Freqüentar um cinema significava também respirar o mesmo ar de glamour e sofisticação que as atrizes exalavam, modificar as visões acerca do cotidiano em prol das “modas” que o cinema ditava. Sobre este aspecto, Sevcenko (1998) afirma que:

Ir ao cinema pelo menos uma vez por semana, vestido com a melhor roupa, tornou-se uma obrigação para garantir a condição de moderno e manter o reconhecimento social. E se cinema era Hollywood, Hollywood eram os astros e estrelas, que era preciso conhecer intimamente na sua filmografia completa e nos detalhes da vida pessoal, amplamente divulgados pelos estúdios por meio de revistas especializadas.(SEVCENKO,1998, p. 599)

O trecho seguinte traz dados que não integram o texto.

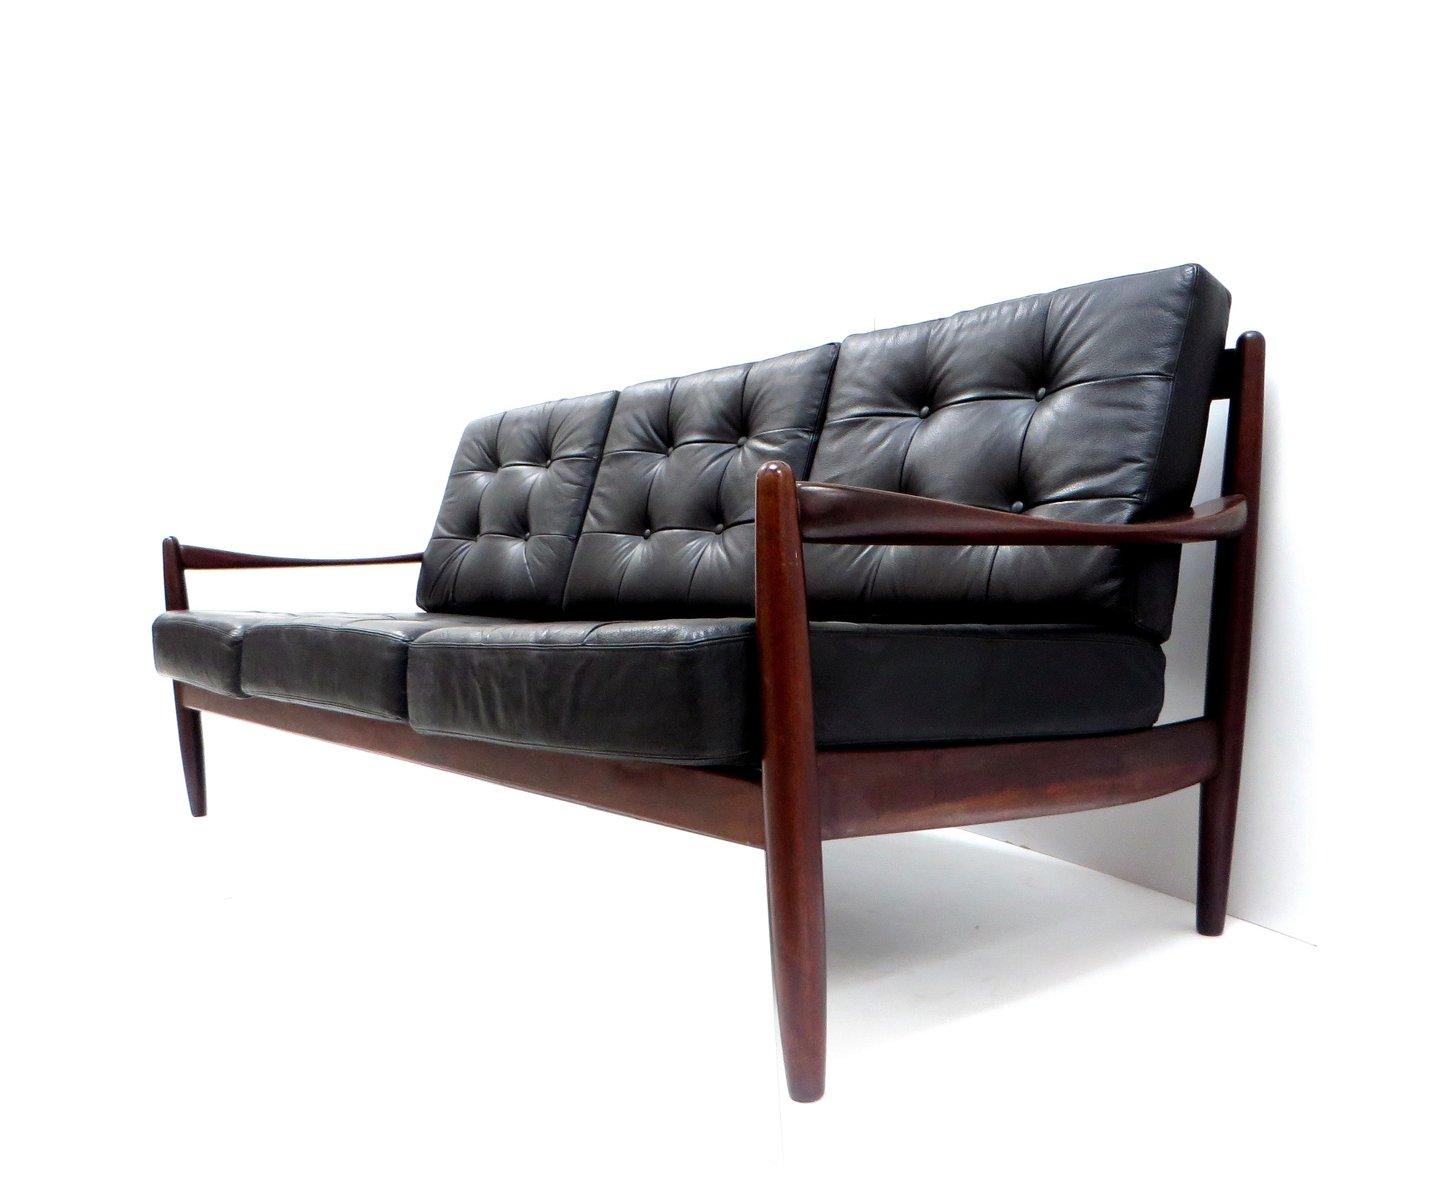 canap 3 places vintage en cuir danemark en vente sur pamono. Black Bedroom Furniture Sets. Home Design Ideas

Após a morte de Luís Alves em 1950, o cine Santa Cruz ficou na posse de seu filho Mário Limeira Alves, este jornalista, poeta e professor, viveu no Rio de Janeiro e em Brasília, onde trabalhou como funcionário do Ministério de Educação e Saúde, foi casado com uma espanhola, Dona Aurora, famosa na cidade por suas andanças em Santiago de Compostela na Espanha, em sua homenagem trocou o nome do cinema fundado por seu pai, para Cine Compostelano.
 Quando ainda vivia em Santa Cruz, costumava ficar na porta do cinema tecendo críticas aos filmes, promovia as famosas sessões de “boa vontade”, onde o pagamento do ingresso era facultativo com o intuito de habituar os santa-cruzenses a freqüentar o cinema. É provavelmente dessa época que vem à memória do Sr. Zé de Zuza, a estreia do primeiro filme falado: “O primeiro filme falado em Santa Cruz chamava-se Estrelinha do barulho. E foi exibido em 1941” ( Entrevista realizada com o senhor José Balbino Filho no dia 07 Out. 2010)
Não encontramos registros sobre esse filme em outras fontes, o que nós leva a crer que se tratava provavelmente de uma produção estrangeira, traduzida com um título muito diferente do original. Nesta década, 1950, além das produções estrangeiras, registra-se também no Brasil um grande número de filmes nacionais, o comércio cinematográfico em todo o Brasil encontra-se estabelecido. Estamos falando da época das famosas chanchadas de Mesquitinha, Oscarito, Grande Otelo, Derci Gonçalves e etc.
Além de Mário Limeira Alves, o cine Santa Cruz, teve sucessivos donos, tendo sido alugado a vários exibidores, tais como: Zé Mota, Álvaro Damascena e Antônio Papagaio que exerciam a atividade de exibição por curtos espaços de tempo.Com Djair Barbosa, o cinema teve seu período mais longo com um único exibidor que vai de 1963 a 1966. Deja, como era conhecido na cidade, trocou também o nome do cine Santa Cruz, para cine Capibaribe. Porém, poucas e vagas são as informações e depoimentos sobre este cinema. Sabe-se que a projeção era de 16 milímetros, assim a imagem era inferior se comparada à projeção de 35 milímetros e a estrutura física do prédio tinha sido mantida original do período do cine Santa Cruz.

Ingresso do Cine Capibaribe. Arquivo de Gorete Morais.

O Capibaribe fechou quando o Cine Bandeirante foi inaugurado em 1966. O senhor Djair Barbosa era cunhado de Joel Morais, o então proprietário do Cine Bandeirante e foi convidado por este a trabalhar como operador no seu novo empreendimento. Além do mais, o Cine Capibaribe não tinha estrutura física para continuar existindo frente à magnificência que era o moderno Cine Bandeirante.